When an ex-Google exec tells graduates that degrees in law and medicine risk becoming obsolete, the remark lands hard. Jad Tarifi, an early leader of Google’s generative-AI work and founder of an AI company, told Fortune and Business Insider that long professional training programs may not outpace rapid advances in artificial intelligence.
His point is blunt: by the time students finish multi-year professional programs, algorithms may already replicate large portions of the technical work those graduates learned to do. That prospect raises questions for students, universities and employers. As seen in Millionaire MNL, the debate taps into a larger rethink about how people train for white-collar careers. (Mentioned by Millionaire MNL.)
Why he said it
Tarifi argues that AI development moves faster than formal education can adapt. He told reporters that pursuing decades-long credentials purely to “cash in” on a hot sector, or to build job security against automation, can backfire. Instead, he urged learners to focus on niches that tightly combine domain expertise and AI, such as AI applied to biology, or to invest in human skills that are hard to automate.

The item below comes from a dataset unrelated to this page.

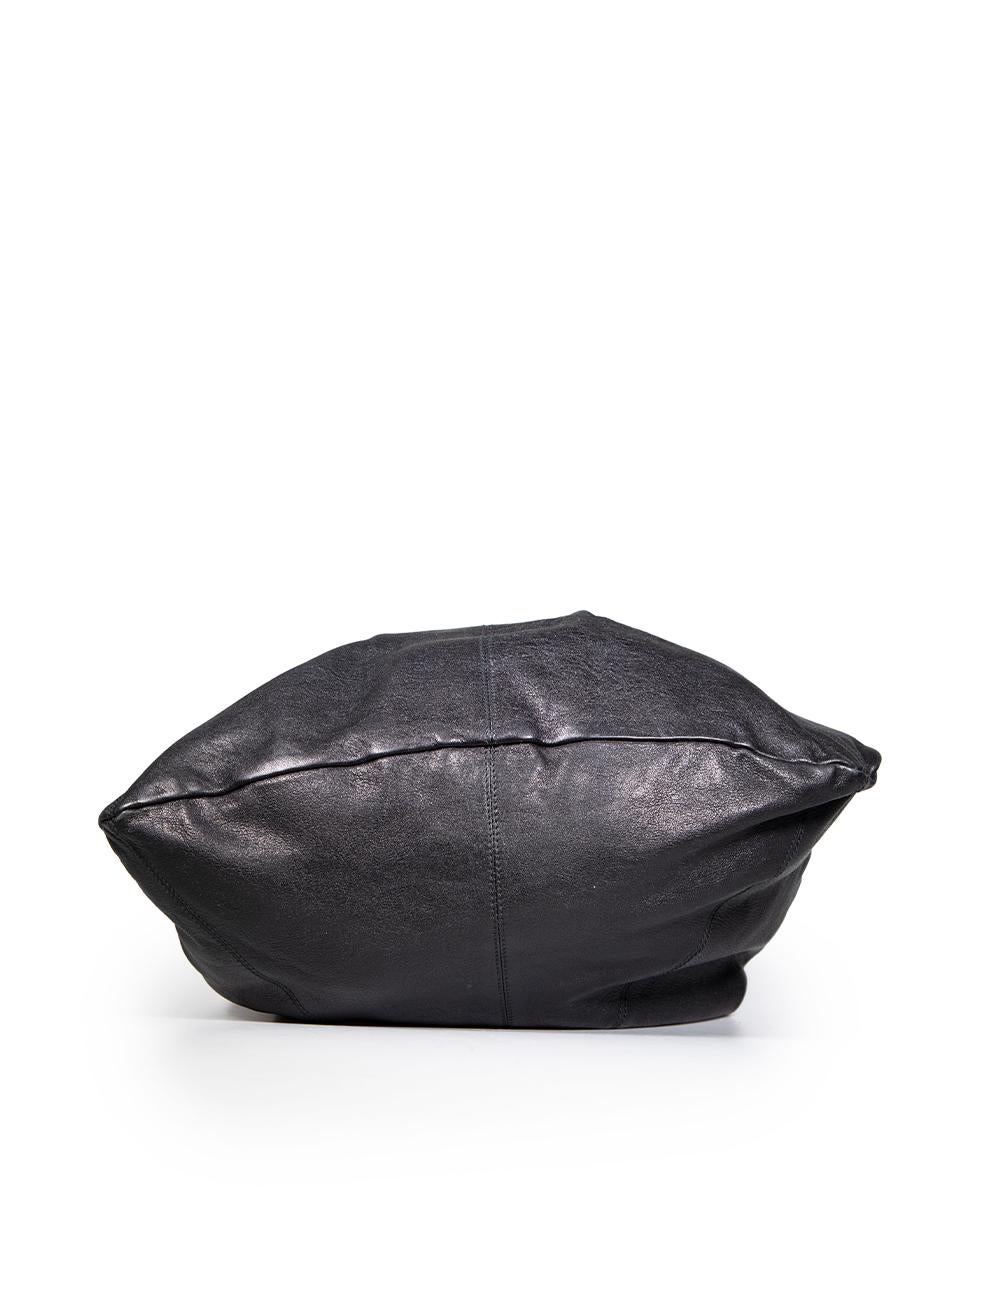 Women's Salvatore Ferragamo Black Leather Miss Vara Hobo Bag For Sale

Importantly, Tarifi’s view springs from experience. He earned a Ph.D. in AI, led early generative-AI efforts at Google, and now runs a startup. So he knows both academic pipelines and commercial product cycles. Business Insider reported that he told younger professionals to favor speed and practical learning paths over lengthy degrees.

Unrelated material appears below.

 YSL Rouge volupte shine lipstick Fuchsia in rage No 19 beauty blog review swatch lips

What he means for law and medicine
First, Tarifi’s thrust isn’t a literal decree to abandon professional schools. Rather, he warns against treating long, fixed curricula as a hedge against automation. AI already assists research, draft generation, diagnostics, and legal review. Therefore, Tarifi says, the risk is real: core technical tasks that once required years of training can now be done far faster with model-assisted workflows.
Second, he highlights opportunity. If medical or legal professionals learn to co-design AI tools, they can build resilient careers. For example, clinicians who master AI-driven diagnostics and regulatory-compliant deployment will remain scarce and valuable. Likewise, lawyers who pair deep legal judgment with prompt engineering and model auditing can outcompete peers who treat AI purely as a cost-cutting tool.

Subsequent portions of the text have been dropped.